[Material provided]:
- Opening Delimiter -
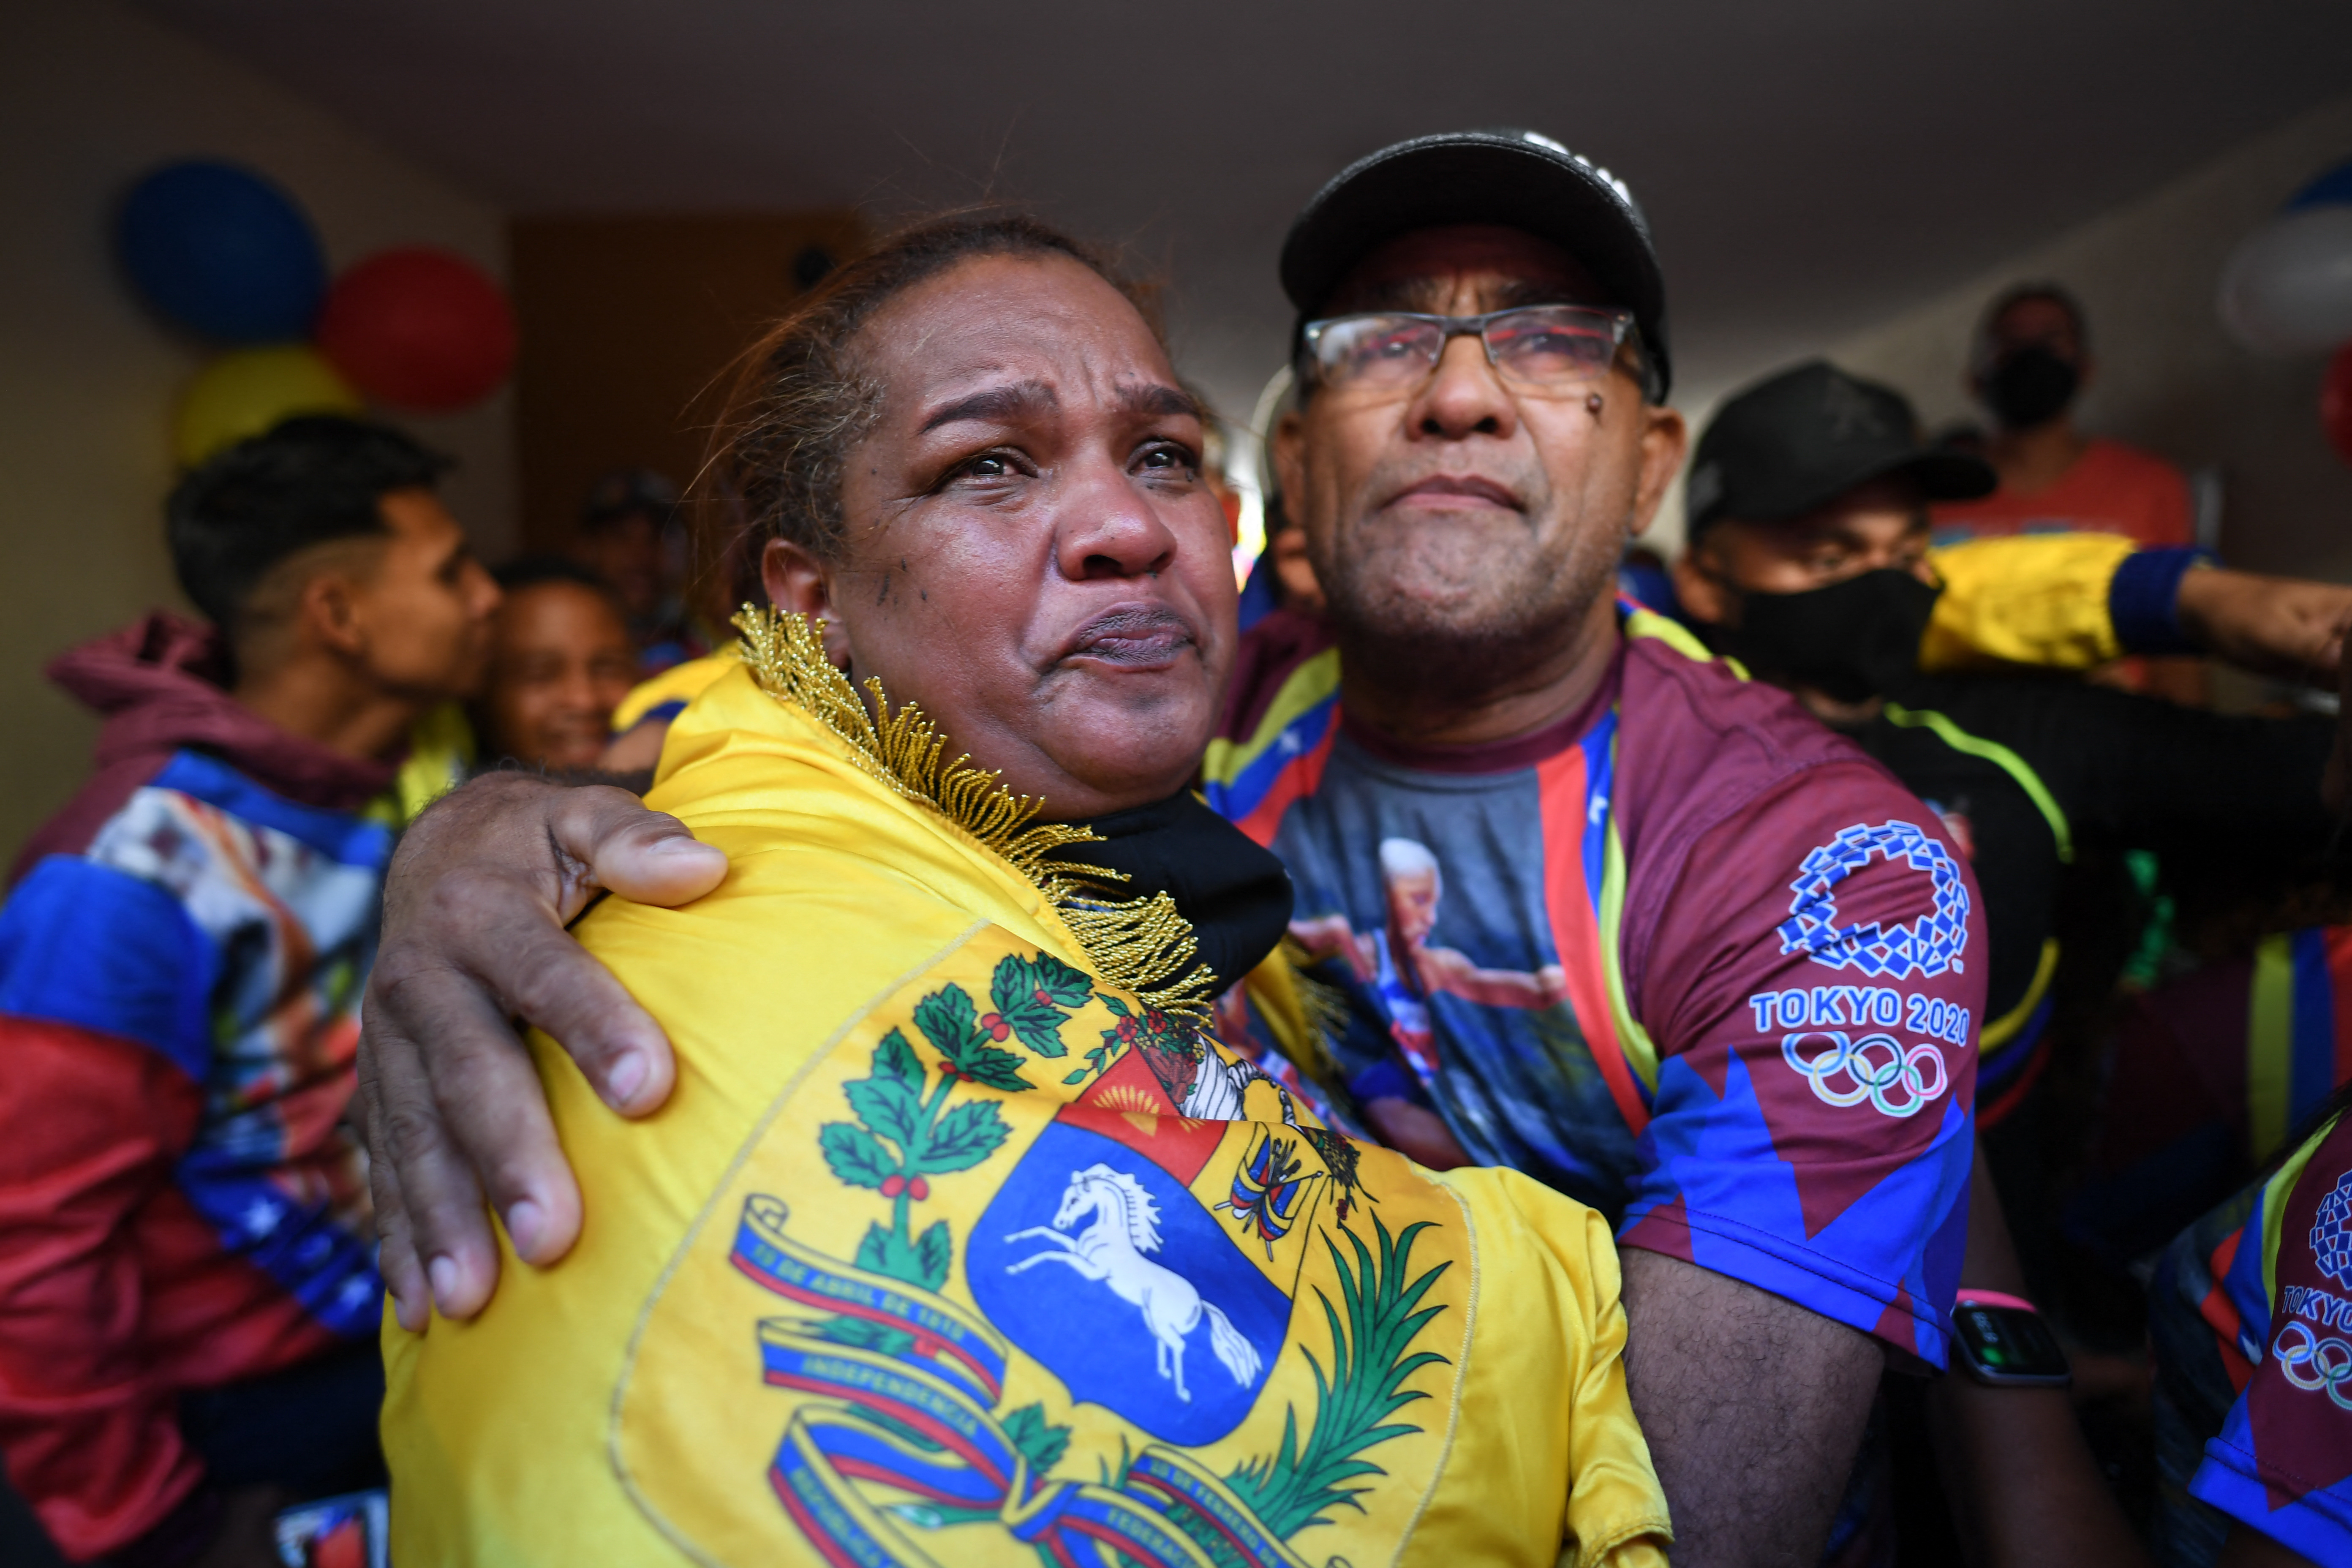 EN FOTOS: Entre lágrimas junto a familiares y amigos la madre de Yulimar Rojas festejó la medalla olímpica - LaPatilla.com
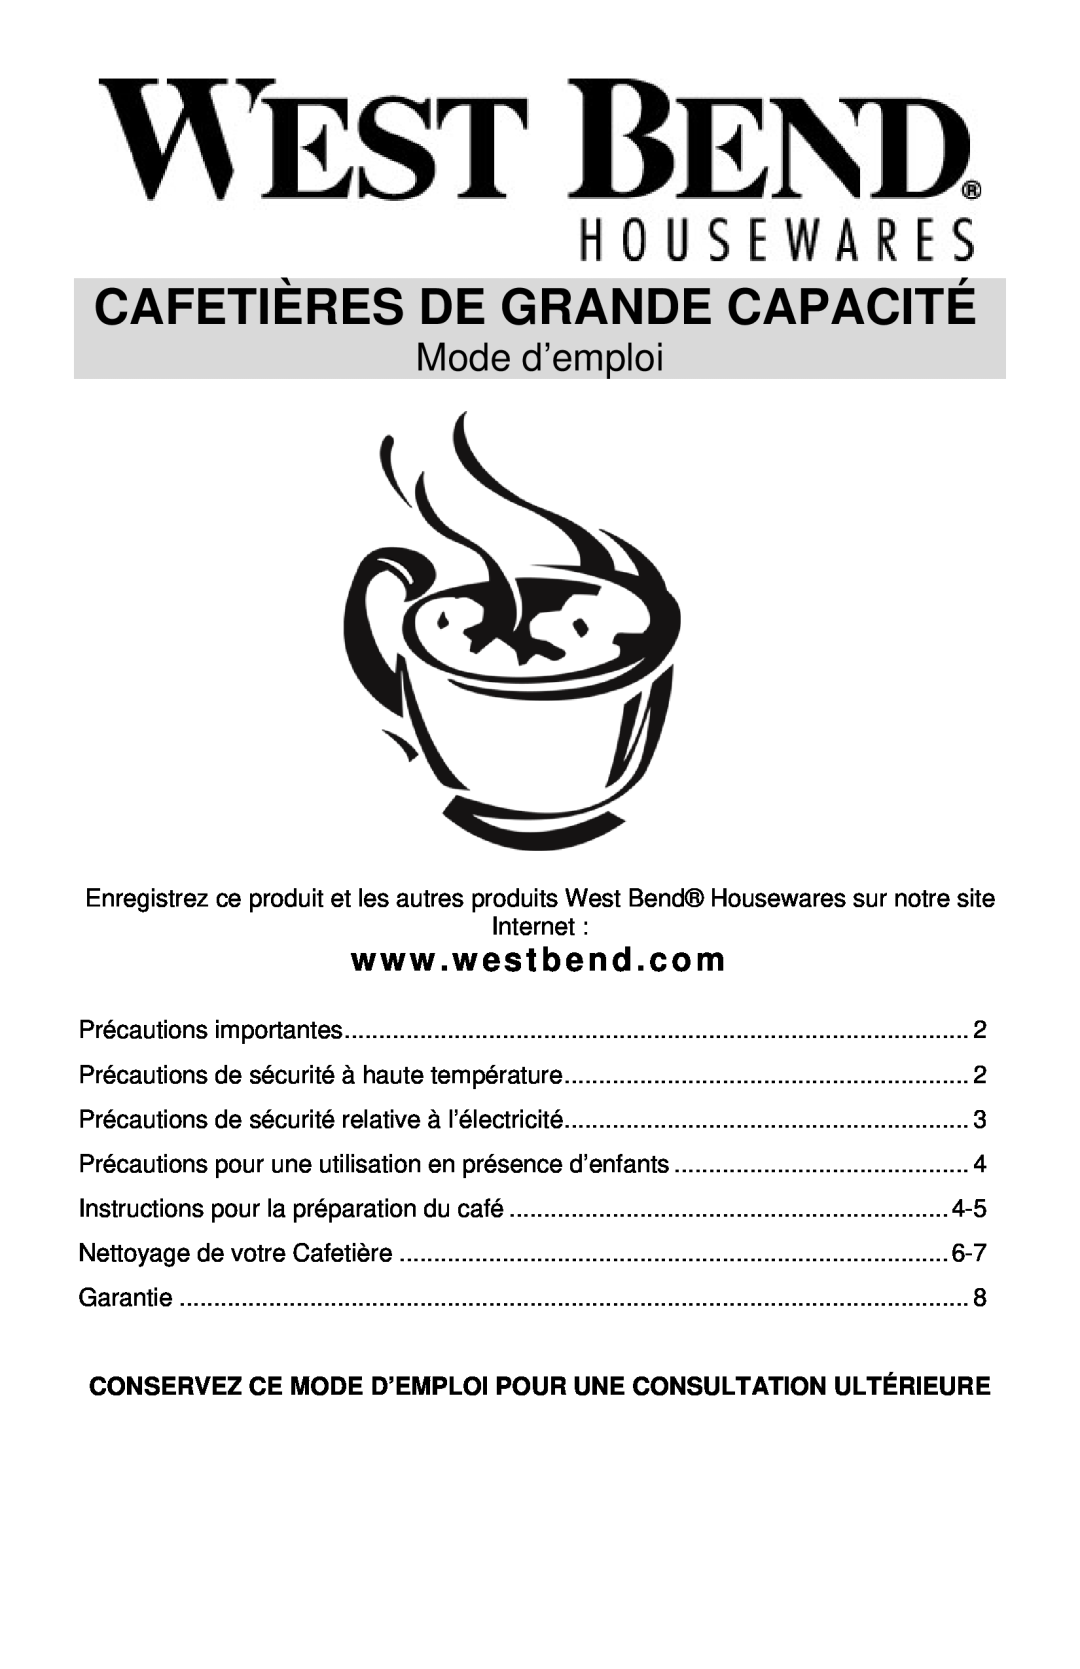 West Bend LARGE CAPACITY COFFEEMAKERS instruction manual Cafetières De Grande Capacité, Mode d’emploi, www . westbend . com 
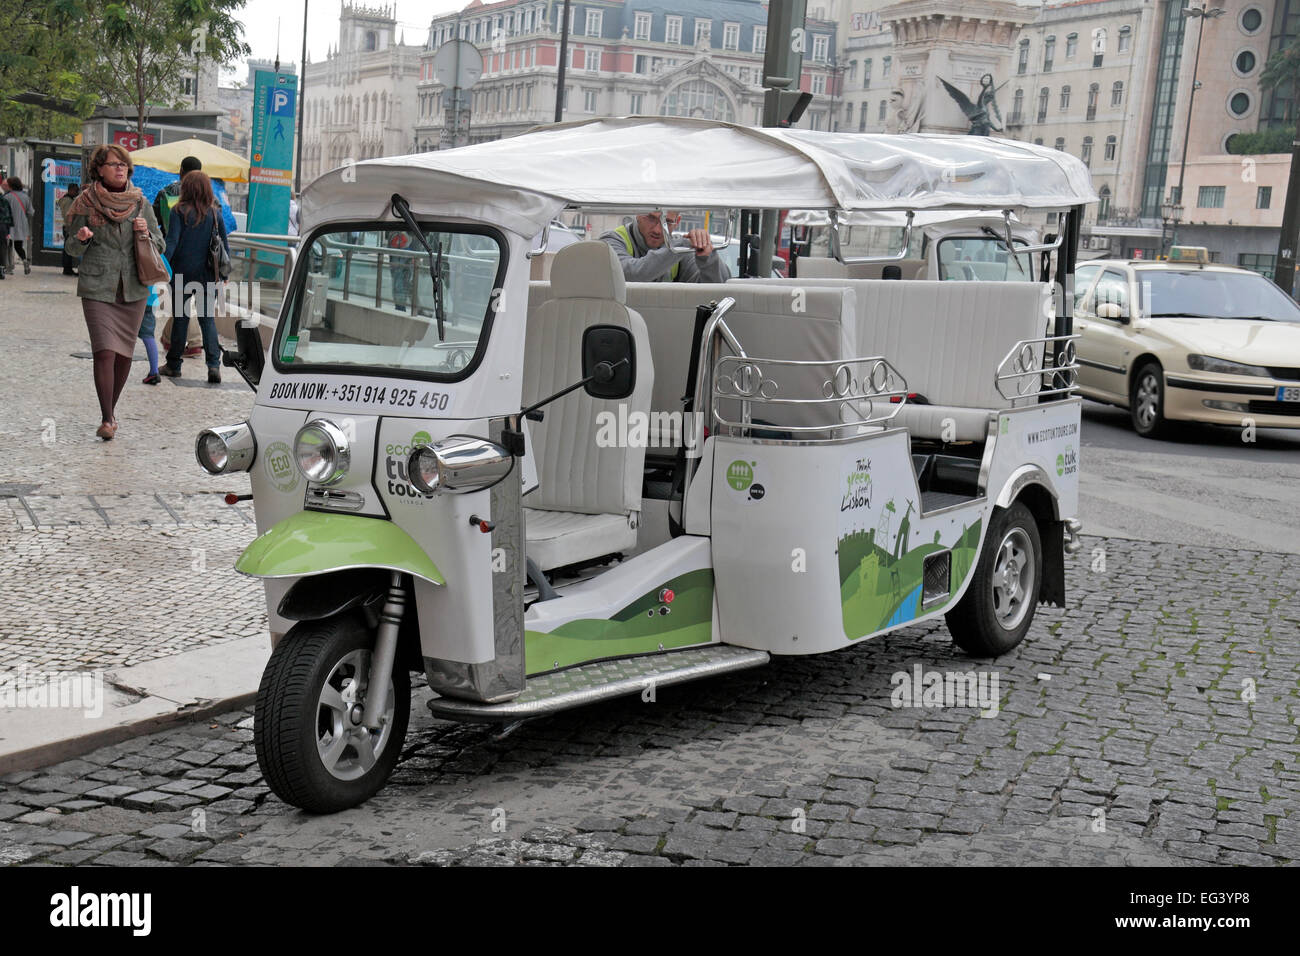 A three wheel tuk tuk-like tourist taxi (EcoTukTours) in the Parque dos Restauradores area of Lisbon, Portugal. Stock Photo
- Closing Delimiter -
Give back the listing exactly, without a single picture.

[Answer to this task]:
 EN FOTOS: Entre lágrimas junto a familiares y amigos la madre de Yulimar Rojas festejó la medalla olímpica - LaPatilla.com
 West Bend LARGE CAPACITY COFFEEMAKERS instruction manual Cafetières De Grande Capacité, Mode d’emploi, www . westbend . com 
 A three wheel tuk tuk-like tourist taxi (EcoTukTours) in the Parque dos Restauradores area of Lisbon, Portugal. Stock Photo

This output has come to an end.